Sunday 10 March 2013

Manchester United 2-2 Chelsea | FA Cup sixth round match report

For a long time it had looked as though this could be added to the considerable list of indignities engulfing Rafael Benítez. It is not often the chants of "sacked in the morning" emanate from both sets of supporters and, at 2-0, it was shaping up to be the kind of result to accelerate the process of changing that word he dislikes so much. "Interim" might conceivably have become "former" if Chelsea had finished this match as they started.

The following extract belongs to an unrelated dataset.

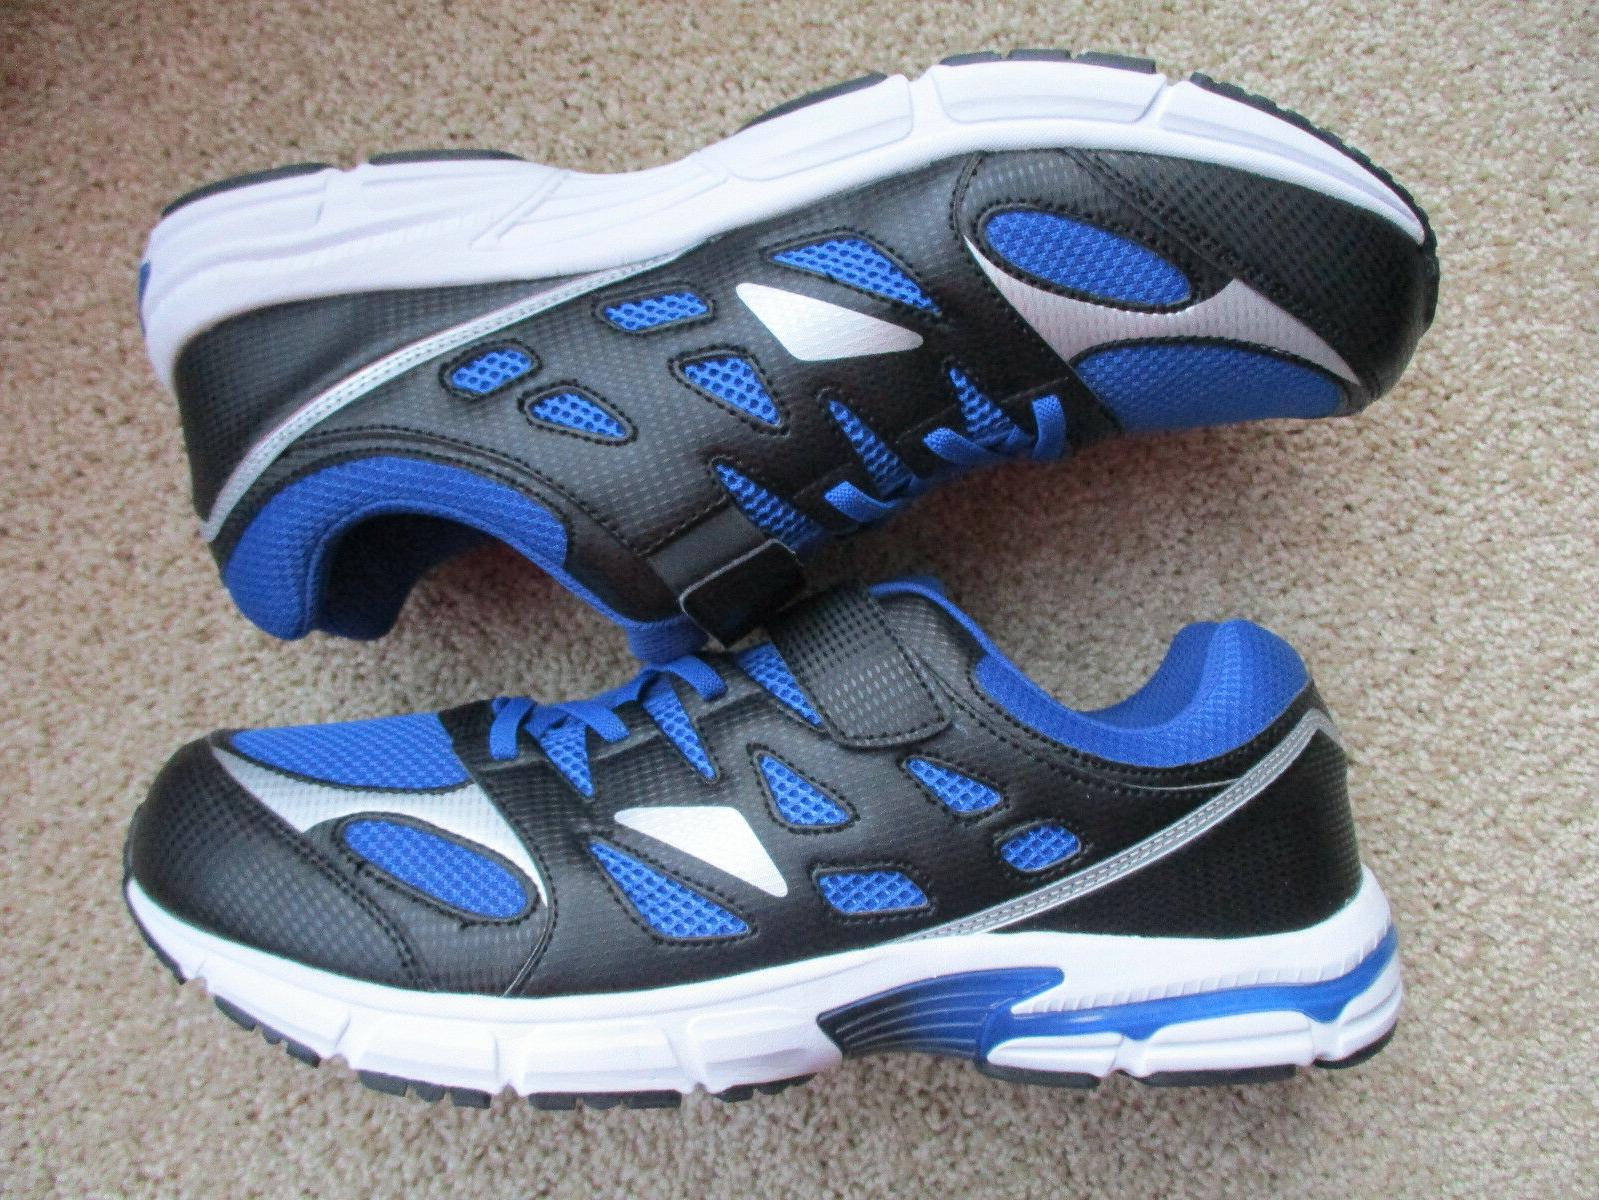 Brand New tennis shoes size Blue Black, White, #10797

What happened instead can be partly attributed to the sapping effects a traumatic defeat to Real Madrid had had on Sir Alex Ferguson's players. They looked weary, mentally as well as physically, and were fading badly by the end. Yet those excuses only stretch so far and this still represents a victory of sorts for Benítez. There were cries of "You don't know what you're doing" from Chelsea's supporters when he took off Frank Lampard and Victor Moses early in the second half. He should cherish what followed because these kind of moments have been all too rare in his brief, often tumultuous spell in charge.

It was the notification that this Chelsea team, for all their problems, still have the capacity to trouble accomplished opponents and their badly beleaguered manager does, perhaps, know a thing or two more than the club's mutinous supporters might want to admit. The first goal came from one of his substitutes, Eden Hazard, and was a beauty. The second, from Ramires, followed a wonderful move of classy, incisive counterattacking. Benítez's team have not been renowned for their perseverance and competitive courage under his watch but they would have booked a place at Wembley were it not for an exceptional save from David de Gea, jutting out his right boot to deny Juan Mata in the last minute of normal time. Even then, there were still three separate occasions when Chelsea's adventure and penetration might have won the match and prevented the rigmarole of trying to shoehorn a replay into an already congested fixture schedule.

The transformation was remarkable bearing in mind the way they began the match, riddled with errors, looking short of confidence and perhaps suffering their own fatigue. Ferguson was entitled to blame tired legs and minds but Chelsea, lest it be forgotten, did not get back from their Europa League tie against Steaua Bucharest until the early hours of Friday.

They had looked like obliging opponents at first for a United side trying to shake the Madrid defeat out of their system. The home side's goals both arrived inside the first 11 minutes, first from Javier Hernández and then Wayne Rooney, and Chelsea's defending was so erratic in the first half the damage could have been even more substantial.

It began five minutes in when Hernández peeled away from Gary Cahill and applied just the precise amount of elevation to Michael Carrick's perfectly weighted ball. Carrick's vision and technique, from fully 40 yards, made long-ball football look beautiful but the goal was a wretched moment for Petr Cech, charging off his line and stranded in no man's land as Hernández's twisting, improvised header looped over him.

Rooney, restored to the starting lineup, doubled the lead when a free-kick intended as a cross eluded everyone before bouncing sharply off the turf to deceive Cech and, at that stage, Chelsea were little short of a mess at the back. David Luiz and Demba Ba had both jumped to head the ball and missed. Before half-time Cech had prevented David Luiz scoring an own goal, straight after denying Rooney a second.

As for Chelsea's best opportunity, Moses's effort was so wild it connected with the corner flag. These were moments when Benítez must have felt very lonely as Old Trafford rejoiced in the difficulties for a former Liverpool manager and Chelsea's supporters turned their hostility on him.

He deserves credit because Hazard's introduction played a considerable part in the turnaround. Mata gradually emerged as the outstanding player on the pitch. Cahill had been just as vulnerable as David Luiz in the first half. Yet Chelsea's defenders shook their heads clear after the break and, suddenly, it was the players in red making unforced errors.

By the end, even a player as refined as Carrick was misplacing passes. Rafael da Silva had regressed to the impetuous, raw full-back who can endanger his own team. Patrice Evra was not a great deal better on the opposite side. Ferguson concluded that both his full-backs were "knackered". Fortunately for United, Rio Ferdinand played as though determined to impress the watching Roy Hodgson. His clash with Fernando Torres, a late substitute, aggrieved Chelsea and probably smacked of his own frustrations.

Hazard's goal came seven minutes after replacing Moses, running through the left-hand channel, showing the ball to Da Silva and then curling a right-foot effort into the opposite corner.

After that, Chelsea often pinned back their hosts with the speed and ambition at which they counterattacked. Their equaliser was classy in its creation, with Ba and Oscar both involved as they swept upfield, culminating in a left-foot shot from Ramires that beat De Gea despite the Spaniard getting his fingertips to the ball. Ferguson brought Robin van Persie off the bench and moved Rooney to the left but the tactical change had little effect. Nani had left with a hamstring injury and his replacement, Antonio Valencia, is having an undistinguished season. United, as Ferguson admitted afterwards, were lucky not to be out.